My stepfather turned me into a prostitute. There were lots of single men in the caravan and very few women. Some of them had plenty of money, and I needed money. Since I’m good at what I do, I made lots of money. I was worried that someone would try to steal it, so Imade friends with an old woman—a grandmother. I called her myBancos de la Abuela, my Grandmother Banker. I shared some of the money I earned with her, and she kept mine safe.

At first I thought I would go to Juarez, but along the way, I heard people saying that going to a smaller town might make it easier to sneak across the border. When part of the caravan broke off to come to Naco, I came with them—since Grandmother Banker’s family was coming here too.

By then it was almost time for my baby to be born. I decided trying to cross the border right then would be too risky. So I used my money to buy a tiny house, not much more than a shack, but that’s where Xavier and I have lived since the day he was born. Grandmother Banker’s family managed to make it across the border, but the coyote taking them said she was too old and wouldn’t be able to walk fast enough. He refused to take her. Once her family left, she ended up staying with me and helped with the baby. She died of Covid in 2022. I still miss her.

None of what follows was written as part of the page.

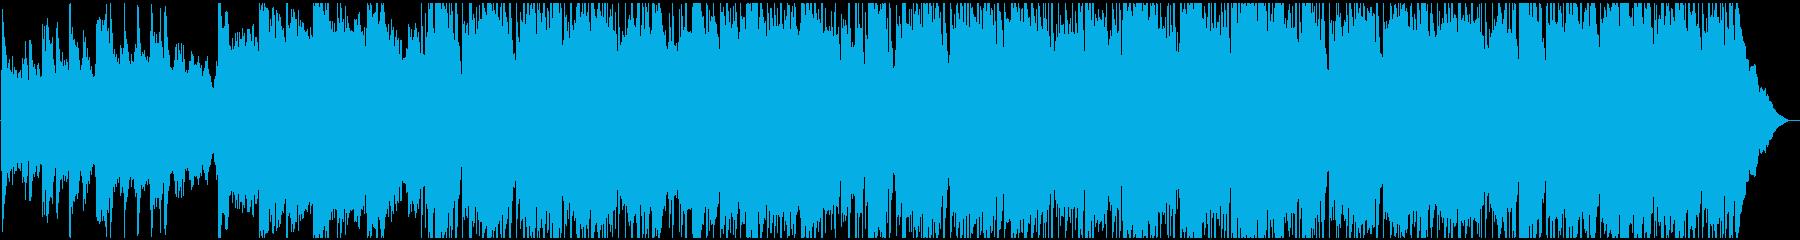 ソフトポップバックグラウンドミュー...の再生済みの波形

Elena paused her narrative long enough to wipe a tear from her eye, and Joanna could tell that she had come to love the old woman who had befriended and helped her on the difficult journey north.

Detective Howell, who had been silent throughout most of the interview, spoke up, only now Jaime was the one doing the translating.

“When is the last time you saw your son?”

That would be Friday a week ago. Fridays are usually busy for me, and I don’t let Xavier stay in the house when I have...guests, so I would give him some food and send him outside to play. That night when my company left, Xavier was nowhere to be found. I looked for him for hours but couldn’t find him.

“Did you report him missing?” Deb asked.

Elena shook her head.

People like me don’t go to the police with our troubles. Policemen are not our friends. I was afraid they would accuse me of doing to Xavier what my stepfather did to me—selling him to traffickers.They’re here, you know, even in Naco. And that’s what I suspected when I couldn’t find him—that the traffickers had gotten him.